Reproduce the data below in full and exclude every picture.

##### Provided data #####

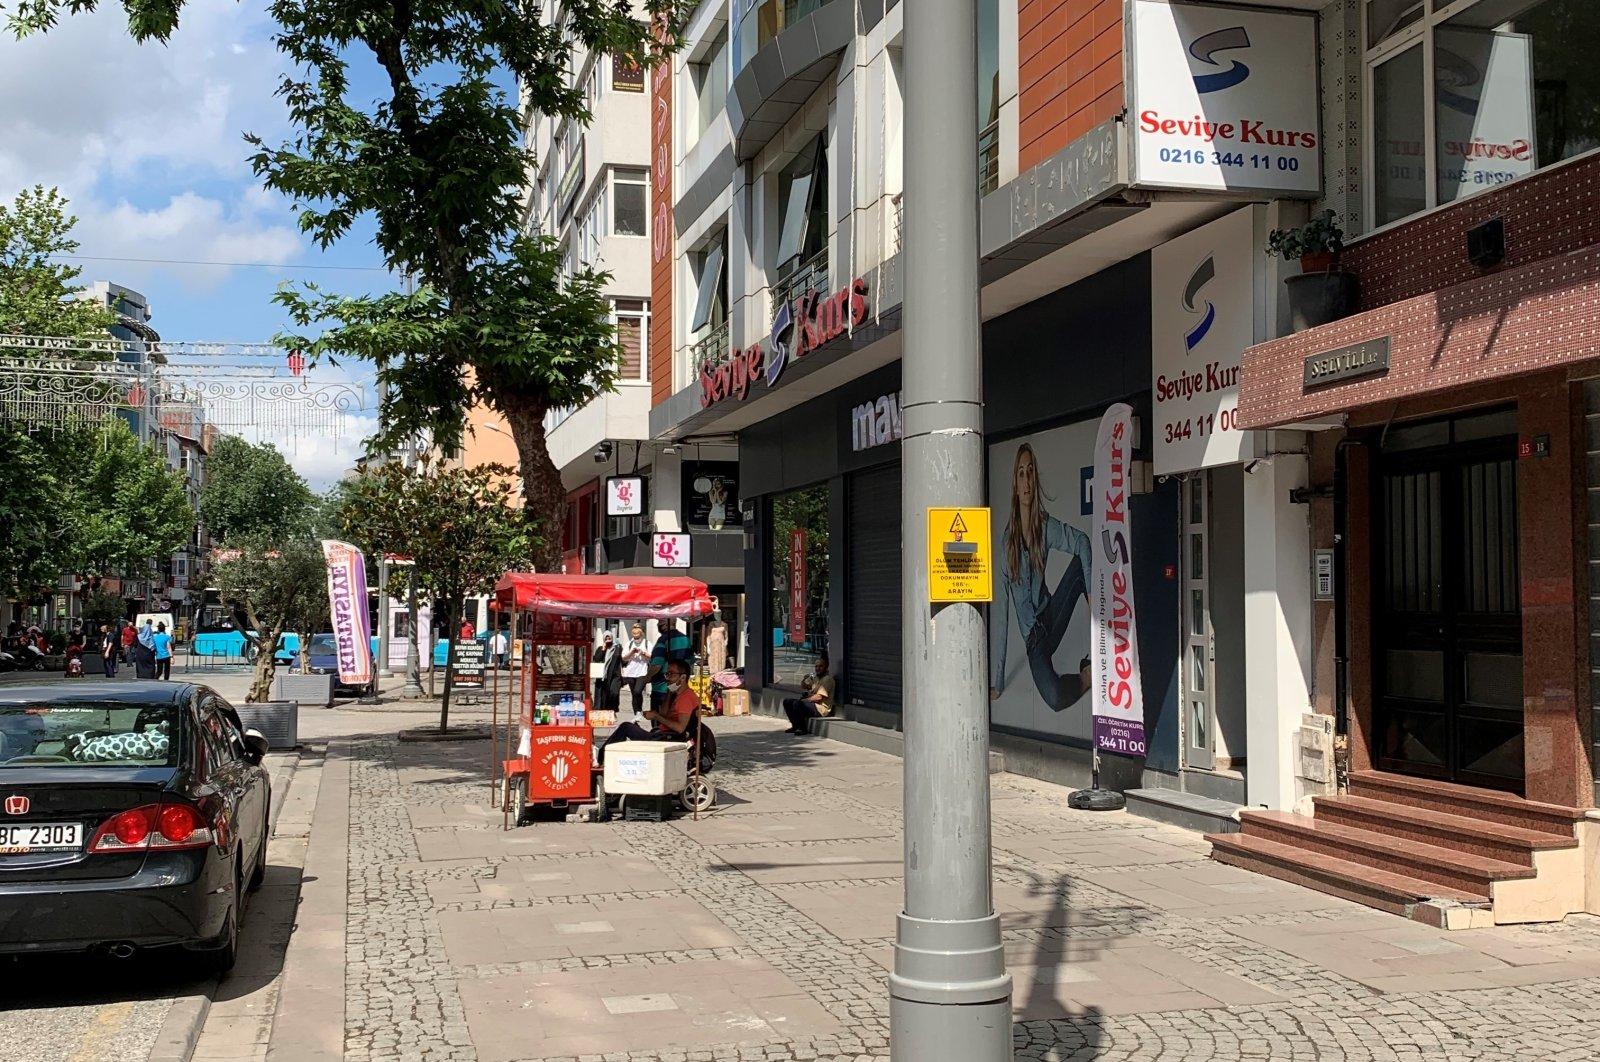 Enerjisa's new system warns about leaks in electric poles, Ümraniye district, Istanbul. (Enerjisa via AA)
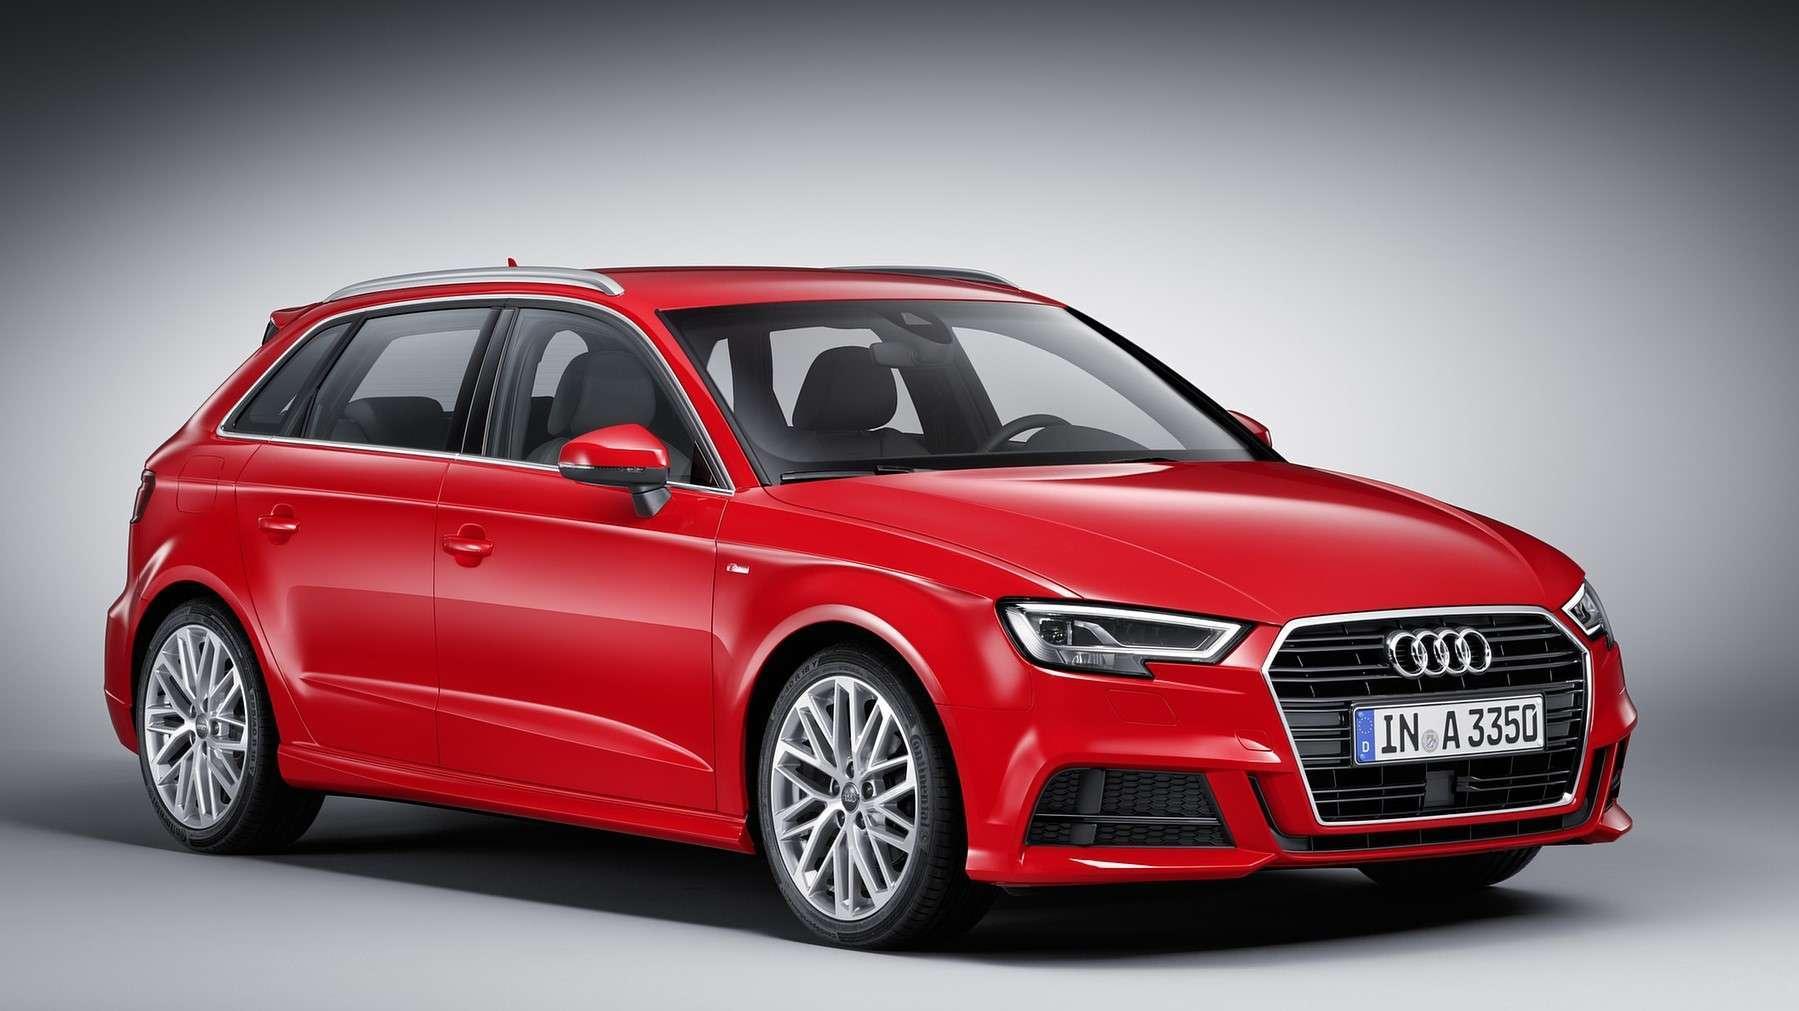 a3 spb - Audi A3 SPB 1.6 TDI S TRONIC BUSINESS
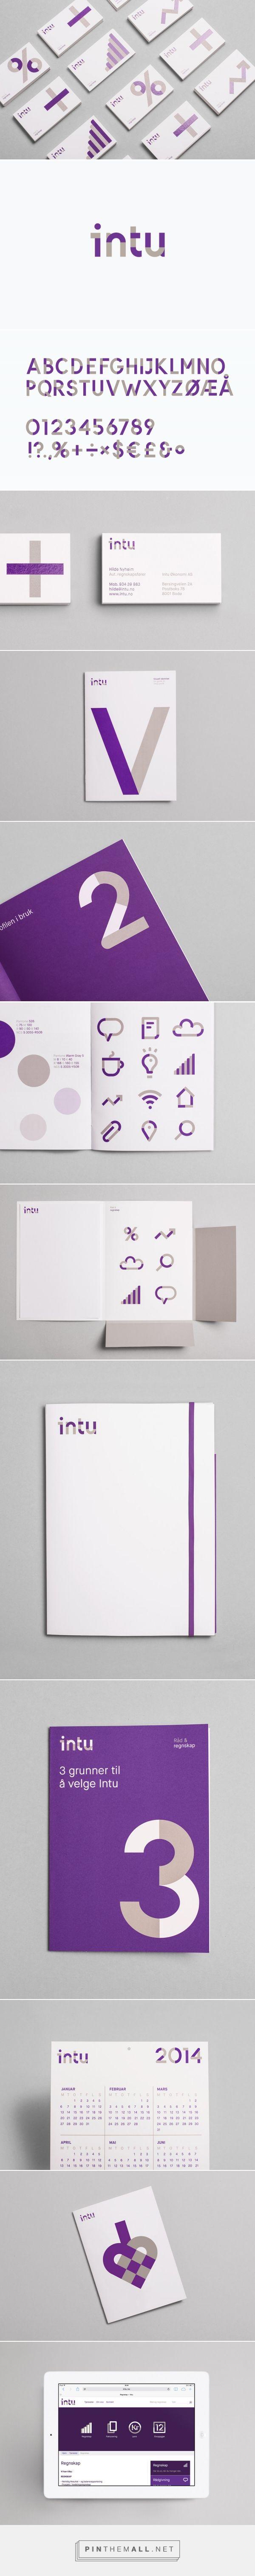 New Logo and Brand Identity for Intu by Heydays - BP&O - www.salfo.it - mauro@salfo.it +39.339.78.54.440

#####

* Result below:
 Enerjisa's new system warns about leaks in electric poles, Ümraniye district, Istanbul. (Enerjisa via AA)
 a3 spb - Audi A3 SPB 1.6 TDI S TRONIC BUSINESS
 New Logo and Brand Identity for Intu by Heydays - BP&O - www.salfo.it - mauro@salfo.it +39.339.78.54.440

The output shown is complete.